I was wondering if there exist any data sets of all companies and their returns over the last 30 years or so? Further, if anyone has run the numbers of what your returns and variance would be with 1, 2, 3, 10, 100... all the way up to the total number of stocks?

I briefly searched, found this for the Russel 3000:

http://business.nasdaq.com/media/The_Capitalism_Distribution_Blackstar_Funds_tcm5044-42315.pdfand it says that 36% of stocks outperformed the market, and includes a histogram for distribution of returns. This makes sense given a Pareto distribution.

So for instance in this case, with a 1 stock portfolio, your EV would be market return, the range would be -100% to +10,000% or something, and the likelihood of beating the market would be 36%.

Next, look at the 3000*2999 possibilities of an equally weighted 2 stock portfolio, and make a histogram of that.

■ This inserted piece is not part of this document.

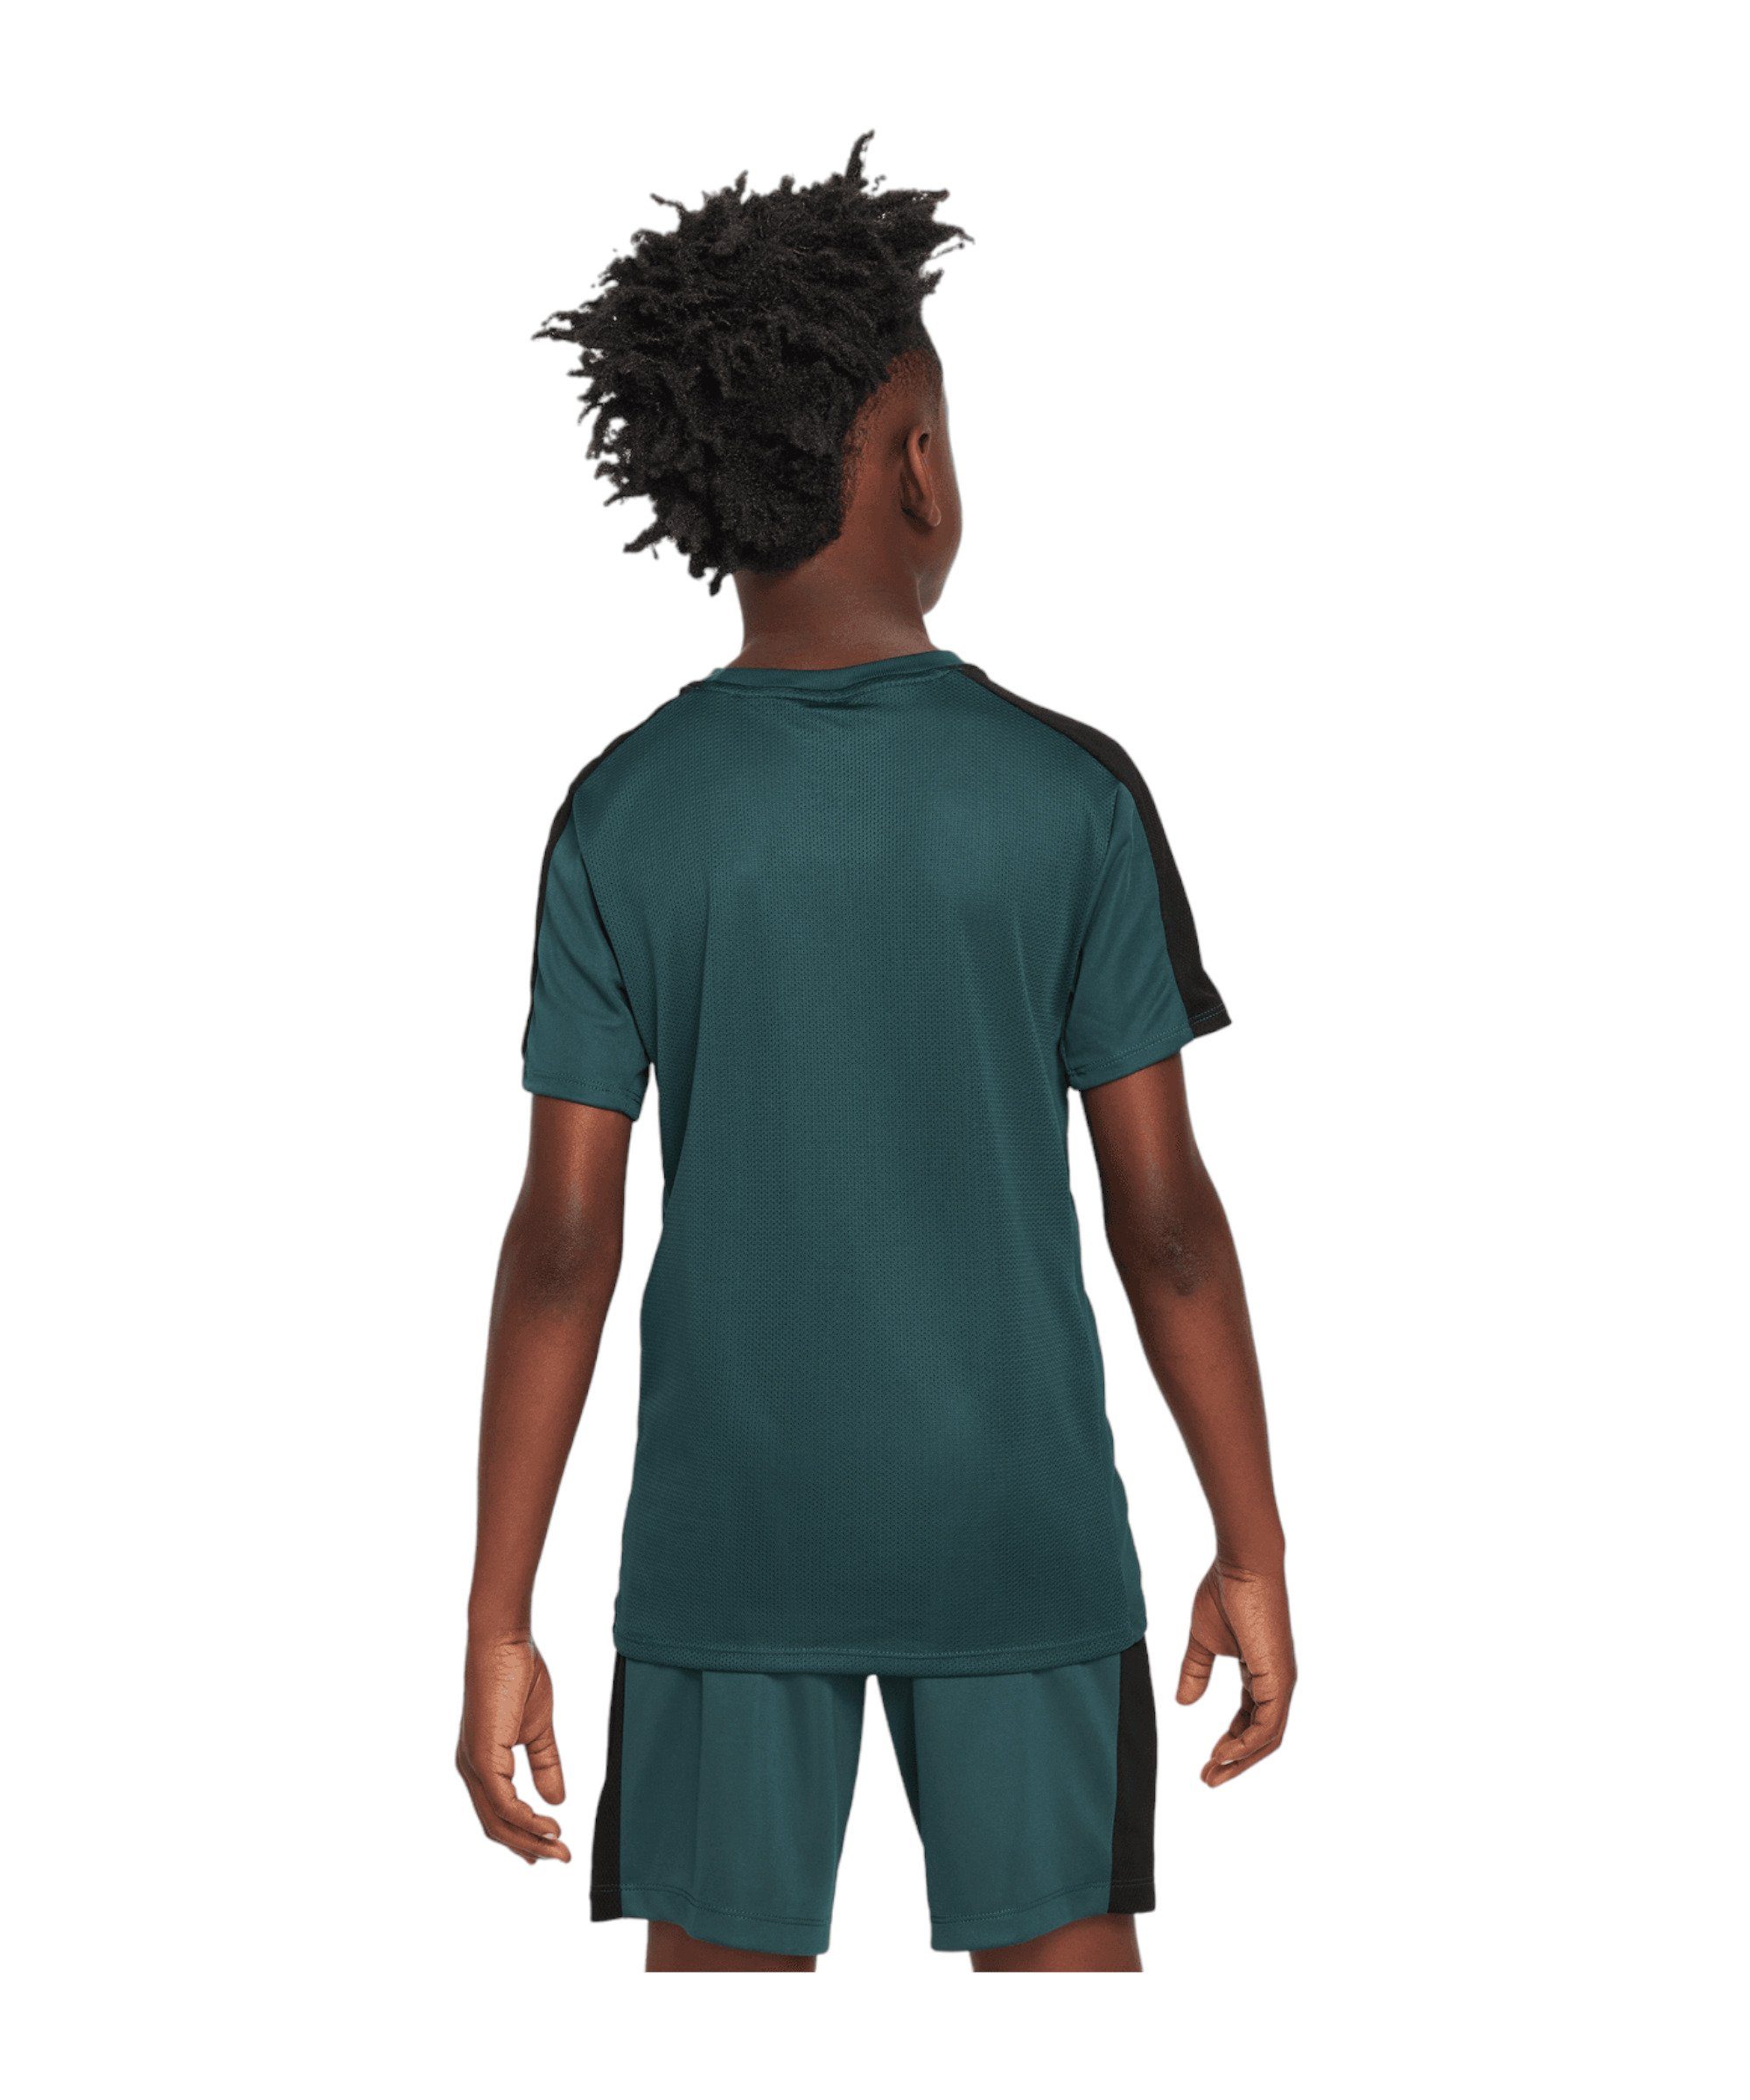 Academy T-Shirt 23 T-Shirt default Nike gruen

In that case you would expect the tails to contract (best case is top two companies, which by definition would be less likely, and less total return than top 1), and likelihood of beating the market to go up.

Finally continue with all this all the way up with bigger and bigger portfolio to an index fund where you match returns.

Towards the middle I assume this would be computationally almost impossible because with a 3000 choose 1500 I guess you get 1.791967E+901 combinations, so a numerical method approach where you just pick a bunch of random data sets until you get something stable would be the only approach.

What I was thinking though, is that towards the top end, a random 2999 stock portfolio would be *more* likely than not to beat the market, because the one random stock you didn't pick, has a 64% chance of under performing the market.

Is this reasoning sound? Do such data sets or such analyses exist?